Il vaso di maggiorana

C’era una volta uno speziale; era vedovo e aveva una figlia bella e cara che si chiamava Stella Diana. Stella Diana tutti i giorni andava a imparare il cucito da una maestra. In casa di questa maestra c’era una terrazza piena di vasi di fiori e piante, e tutti i pomeriggi Stella Diana andava ad annaffiare un vaso di maggiorana che le piaceva tanto.  Di fronte alla terrazza, c’era un poggiolo, dove un giovane signore stava affacciato.  E il giovane signore un giorno le disse:

Stella Diana, Stella Diana,

Quante foglie ha la tua maggiorana?

E la ragazza gli rispose:

O bel nobile cavaliero,

Quante stelle c’è nel cielo?

E lui:

Le stelle del cielo non si posson contare.

E lei:

La mia maggiorana non si deve guardare.

Il signore allora si travestì da pescivendolo e andò sotto le finestre della maestra a vendere pesce. La maestra mandò Stella Diana a comprarle un pesce da friggere per cena, e lei scese e domandò al pescivendolo quanto costava. Lui disse il prezzo, ma era una cifra così grossa che Stella Diana disse che non lo voleva. Allora lui le disse: – Per un bacio, glielo do per niente.

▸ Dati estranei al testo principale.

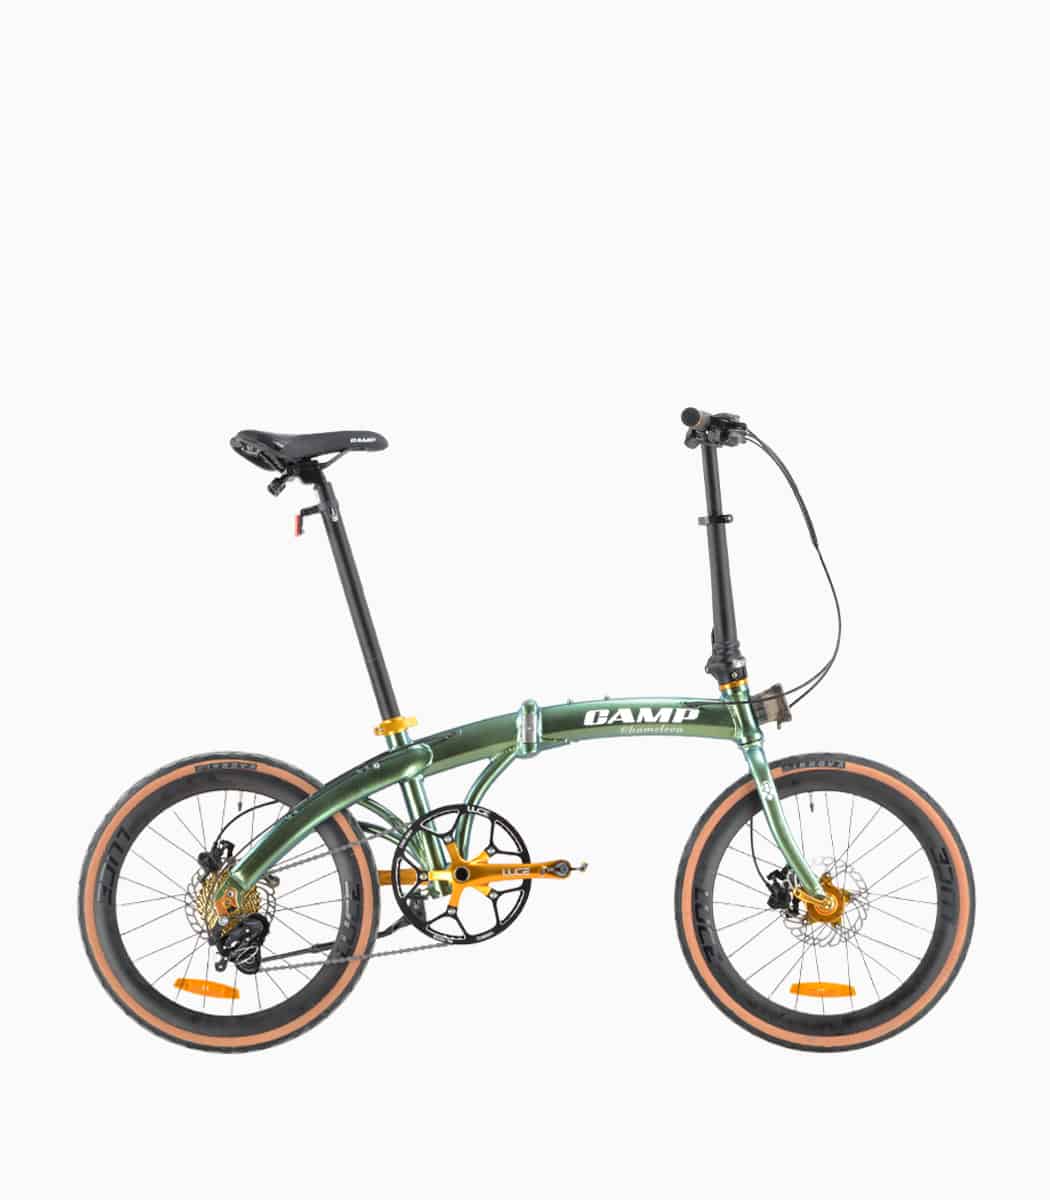 CAMP CHAMELEON (AURORA) foldable bicycle with tanwall tyres right

Stella Diana gli diede un bacio di sfuggita e lui le diede il pesce per la cena della maestra.

Al pomeriggio quando Stella Diana apparve tra i vasi della terrazza, il signore dal poggiolo le disse:

Stella Diana, Stella Diana,

Quante foglie ha la tua maggiorana?

E la ragazza gli rispose:

O bel nobile cavaliero,

Quante stelle c’è nel cielo?

E lui:

Le stelle del cielo non si posson contare.

E lei:

La mia maggiorana non si deve guardare.

Allora il Signore le disse:

Per un solo pesciolino

Tu m’hai dato un bel bacino

Stella Diana, compreso lo scherzo, s’arrabbiò e si ritirò dalla terrazza, e subito pensò di rispondergli con un altro scherzo. Si vestì da uomo e si mise alla vita una bella cintura preziosa; salì in groppa a una mula e si mise a passeggiare per la via dove stava quel signore. Lui vide la cintura e disse: – Che bella! Me la venderebbe? – Ma lei facendo la voce da uomo, gli disse che non la vendeva per nessun prezzo. Lui disse che avrebbe fatto qualsiasi cosa per aver quella cintura; e lei: – Allora dia un bacio sulla coda alla mia mula e io gli darò la cintura -. Al signore quella cintura piaceva davvero e, guardatosi intorno che nessuno lo vedesse, diede un bacio alla coda della mula, prese la cintura e andò via.

Quando si videro lei sulla terrazza e lui sul poggiolo, ci fu il solito dialogo.

–         Stella Diana, Stella Diana,

–         Quante foglie ha la tua maggiorana?

–         O bel nobile cavaliera, Quante stelle c’è nel cielo?

–         Le stelle del cielo non si posson contare.

–         La mia maggiorana non si deve guardare.

–         Stella Diana, Stella Diana,

–         Quante foglie ha la tua maggiorana?

–         O bel nobile cavaliero, Quante stelle c’è nel cielo?

–         Le stelle del cielo non si posson contare.

–         La mia maggiorana non si deve guardare.

–         Per un solo pesciolino

–         Tu m’hai dato un bel bacino.

–         Per avere una cintura

–         Hai baciato la coda alla mia mula.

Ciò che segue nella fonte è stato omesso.